Regular Article

Treatment-Associated Suicidal Ideation and Adverse Effects in an Open, Multicenter Trial of Fluoxetine for Major Depressive Episodes
Roy H. Perlis^a, Charles M. Beasley, Jr.^b, James D. Wines, Jr.^c,, Roy N. Tamura^b, Cristina Cusin^a,1, Deborah Shear^a, Jay Amsterdam^d, Frederick Quitkin^†e, Robert E. Strong^{f, 1}, Jerrold F. Rosenbaum^a, Maurizio Fava<sup>a

a</sup>Depression Clinical and Research Program, Massachusetts General Hospital and Harvard Medical School, Boston, Mass.,
^bLilly Research Laboratories, Eli Lilly & Co., Indianapolis, Ind.,
^cMcLean Hospital and Harvard Medical School, Belmont, Mass.,
^dDepression Research Unit, University of Pennsylvania Medical Center, Philadelphia, Pa.,
^eNew York State Psychiatric Institute, New York, N.Y., and
^fUniversity of Utah, Salt Lake City, Utah, USA

Address of Corresponding Author

Psychother Psychosom 2007;76:40-46 (DOI: 10.1159/000096363)

  Key Words

• Fluoxetine
• Suicidal ideation

  Abstract

Background: Some reports suggest that a subset of depressed patients may experience suicidality - that is increase or emergence of suicidal ideation (SI) or behavior - after initiation of an antidepressant.

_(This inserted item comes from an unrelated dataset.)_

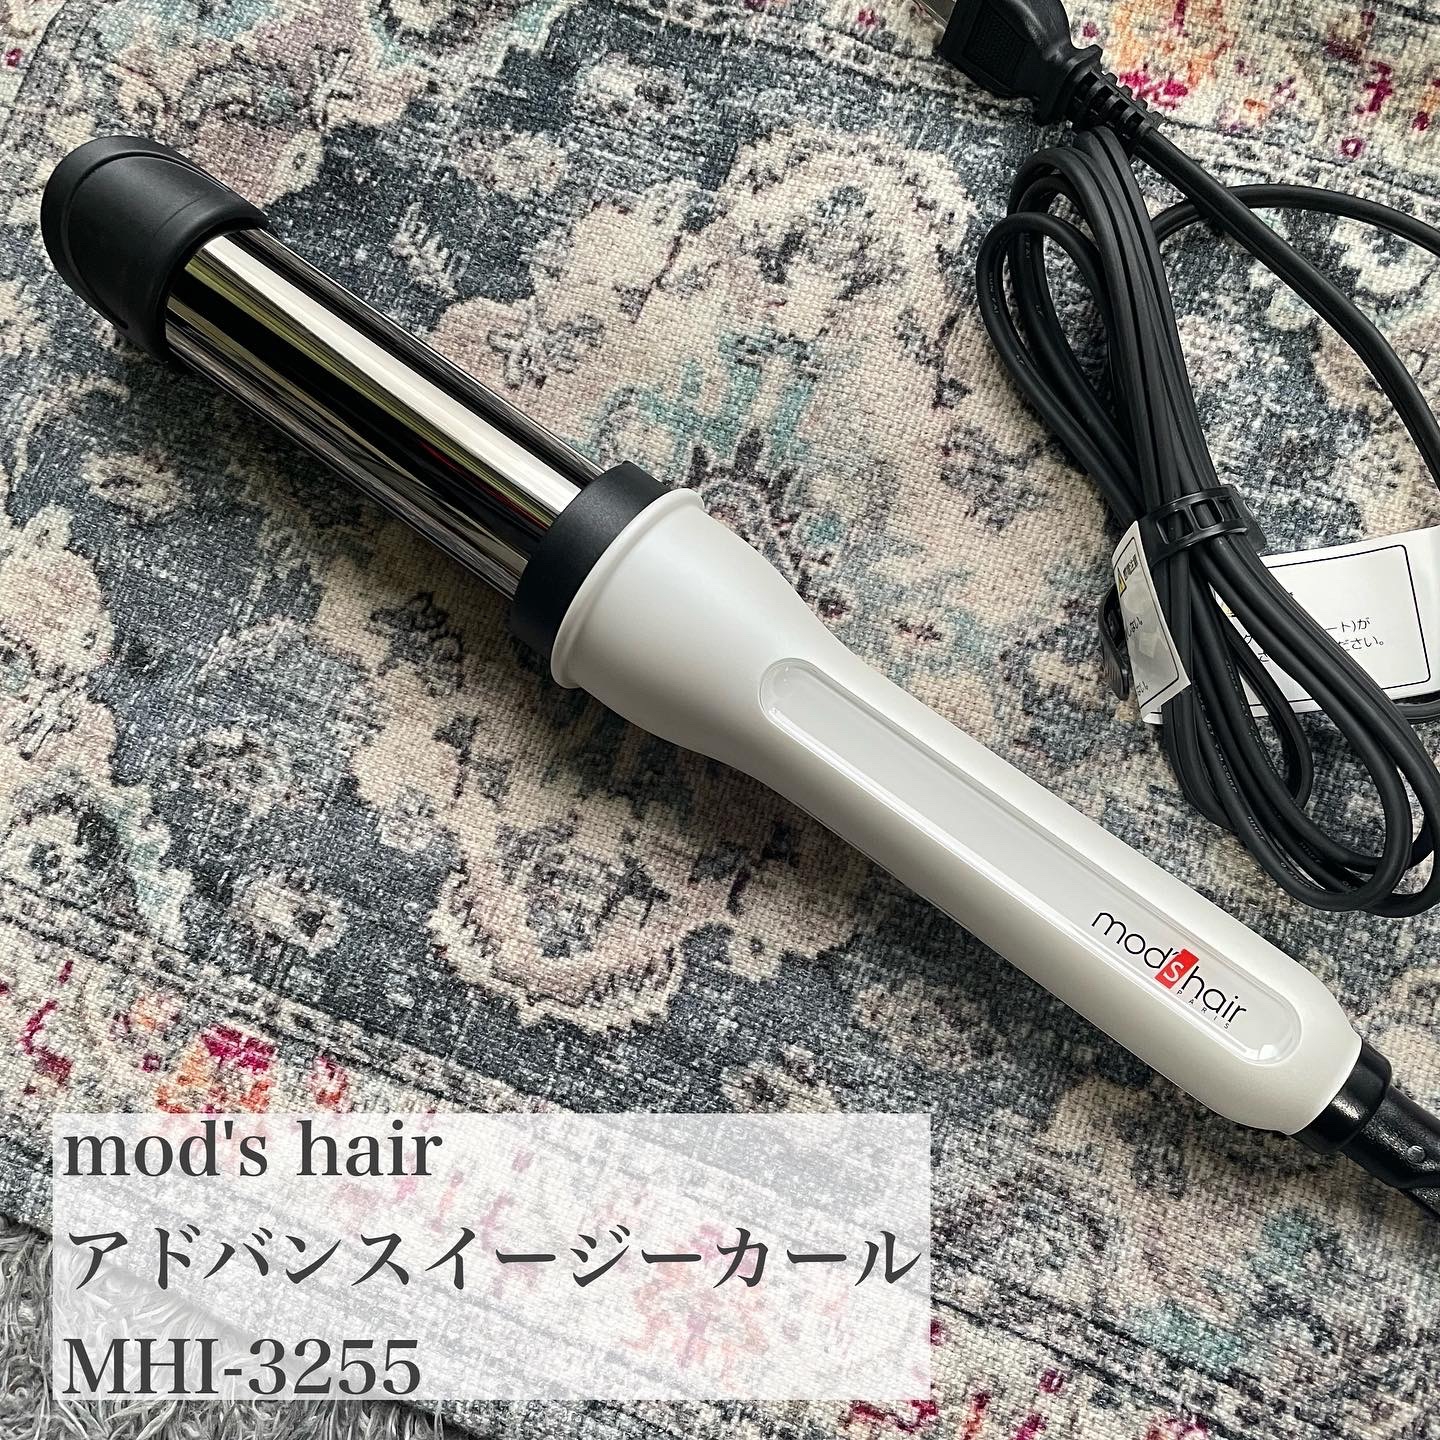 Mod S Hair モッズ ヘア アドバンス イージー カール 32mm Mhi 3255の口コミ 評判はどう 実際に使ったリアルな本音レビュー9件 モノシル
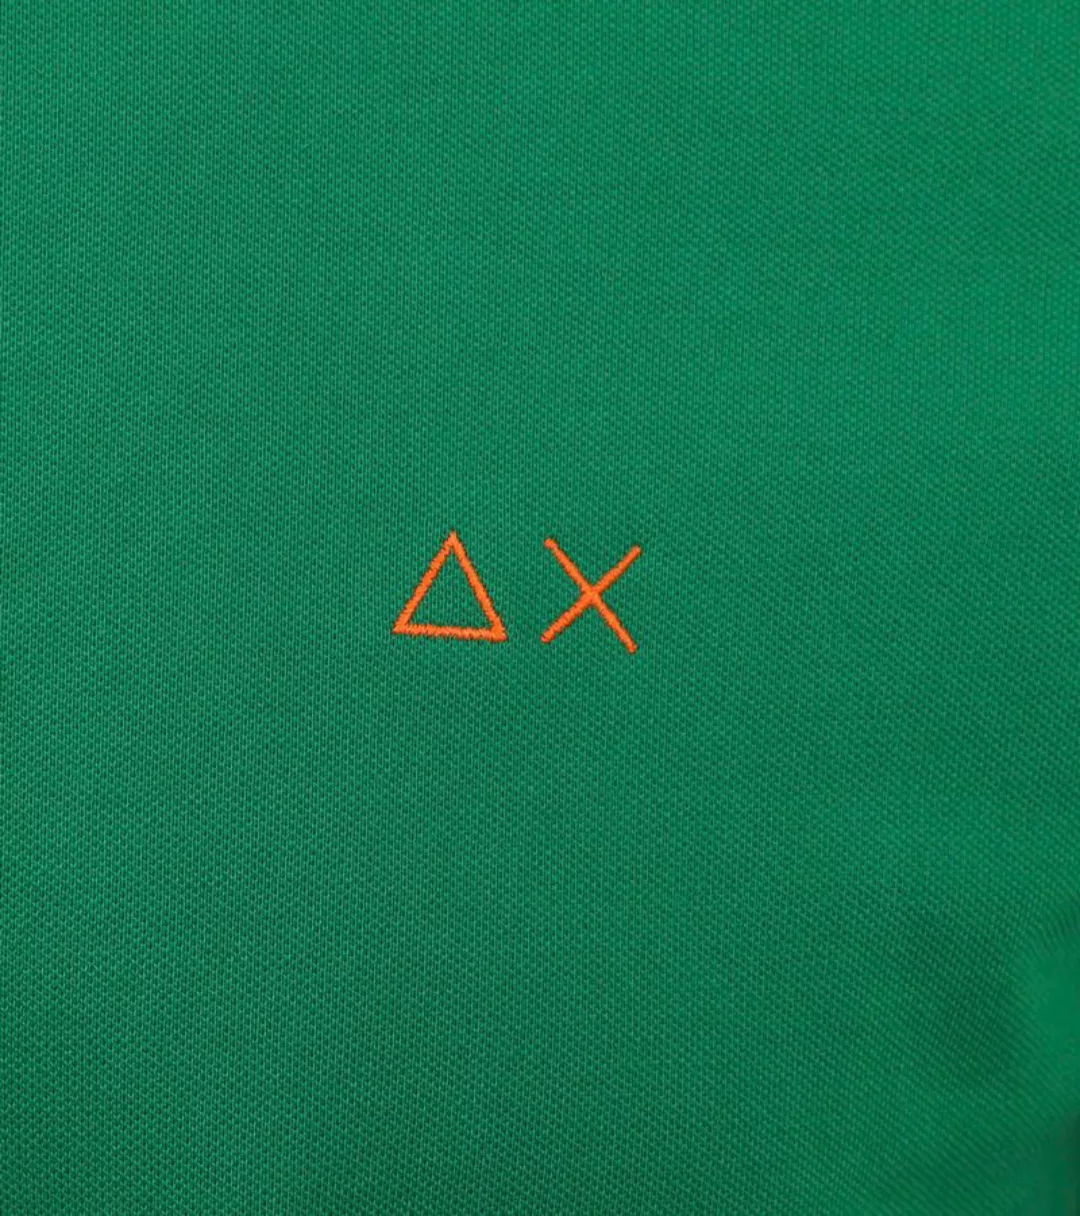 Sun68 Poloshirt Small Stripe Grün - Größe XL günstig online kaufen

The time course and clinical correlates of this phenomenon have not been characterized in detail. Method: We conducted a secondary analysis of a multicenter, prospective, open, 12-week trial of fluoxetine 20 mg in outpatients with nonpsychotic major depressive episodes. Adverse effects and other clinical features associated with the emergence of suicidality, defined using item 3 of the Hamilton Depression Rating Scale, were examined using Cox regression models. Results: Among 414 subjects without SI at baseline, 59 (14.3%) reported SI on at least 1 postbaseline visit. In a Cox regression, emergence of activation and worsening of depression severity were independently associated with emergence of SI, along with female gender, younger age and having thoughts that life was not worth living prior to treatment. Treatment response and remission were significantly less likely among subjects who developed SI. Conclusions: New SI was relatively common in this trial of fluoxetine and associated with the emergence of activation and overall symptomatic worsening. Whether prophylaxis against or aggressive treatment of adverse events can decrease emergence of SI merits further study.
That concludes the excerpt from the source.